Python resultant block evaluation

This Python library provides the block_eval function which is similar to the the standard eval function, but

• can handle multiple statements like the exec call
• returns the result of the last statement if it is an expression

This library uses only modules available in the standard library, namely

• ast for analysis of the abstract syntax tree of the block to be evaluated
• inspect for capturing variable scope in the calling frame to fully emulate eval behavior

In some ways it is similar how IPython evaluates blocks of code. It can be also thought of as an equivalent of the progn function in Lisp.

Example in interactive mode

In this example the factorial of 3 is calculated in a for loop.

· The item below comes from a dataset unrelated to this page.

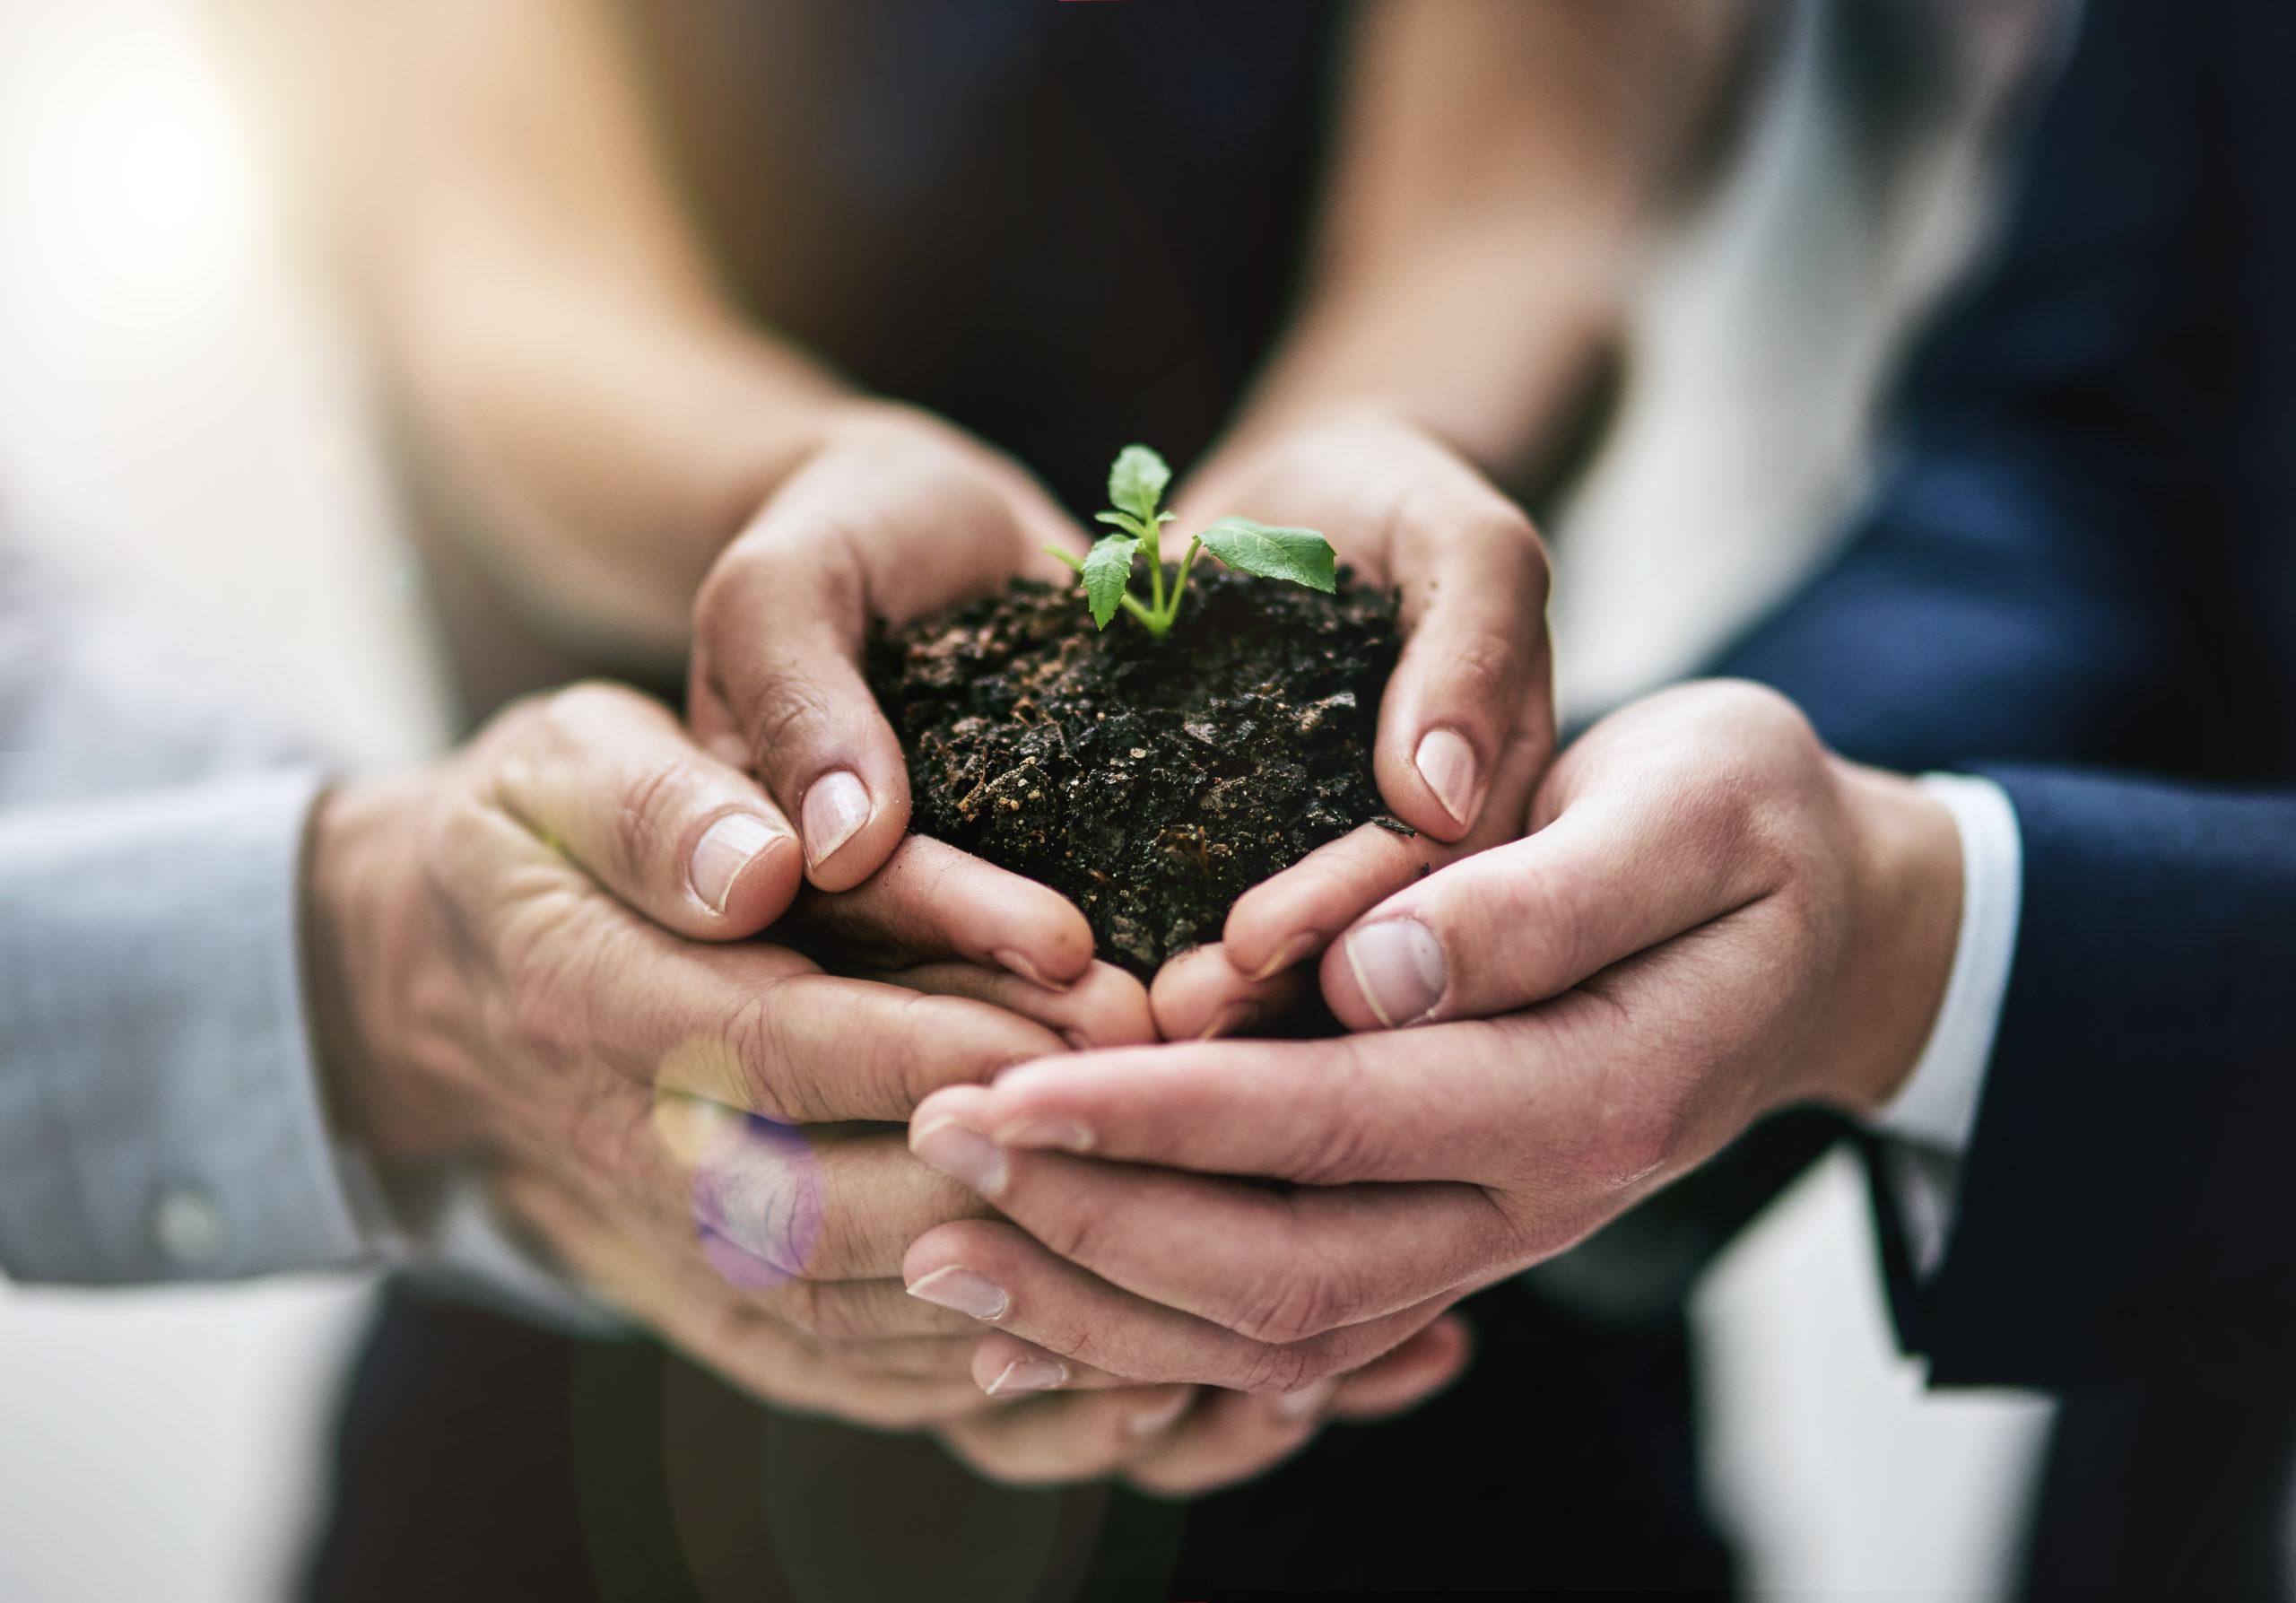 Ausschnitt aus einem Team von Kollegen, die eine aus der Erde wachsende Pflanze halten.

This shows how to execute blocks of code in interactive mode.

>>> block_eval("""
... f = 1
... for i in range(1, 3+1):
...     f *= i
... f
... """)
6
>>> f * 2
12

Note that

• in normal interactive mode an empty line would have to follow after f *= 1 to close the for loop
• the value of f is returned since it is an expression as is the last statement in the block
• the defined variables are later accessible as they are are evaluated in the current scope.

Caveat and workaround/alternative approach in non-interactive mode

Because Python uses optimized fast access to local variables, they may not be updated during evaluation, see http://bugs.python.org/issue4831 for details. Therefore, the example above may not work in non-top-level scopes (e.g. functions calling other functions), the f variable will not be defined after evaluation. Nevertheless, it should work in interactive interpreted mode as in the example.

A workaround is to use the split_block function to split the code block into expr and eval parts of the block as code objects, which can then be executed in the given order via eval in the given scope which will properly handle the local scope internally. For an example see the test suite.

In some situations this approach of explicitly evaluating first the exec part and then the eval part may be even preferable, because it makes it possible to separate the side effects (e.g. printing output) of the expr part from the eval part.

Motivation

The Python support in Org-mode Babel provided by ob-python.el is somewhat lacking, because Python returns the result of evaluating something only if it is an expression. Furthermore, only in interactive mode (which has limitations regarding continuation lines) is the result of the last printed expression available in the _ variable. For this reason ob-python.el uses hacks like wrapping code in a function and requires return statements outside of seemingly function code. That leads to code blocks that cannot be simply tangled into a python file and various other issues. ob-ipython.el solves some of these issues by working with IPython which can evaluate blocks of code, but that requires extra libraries.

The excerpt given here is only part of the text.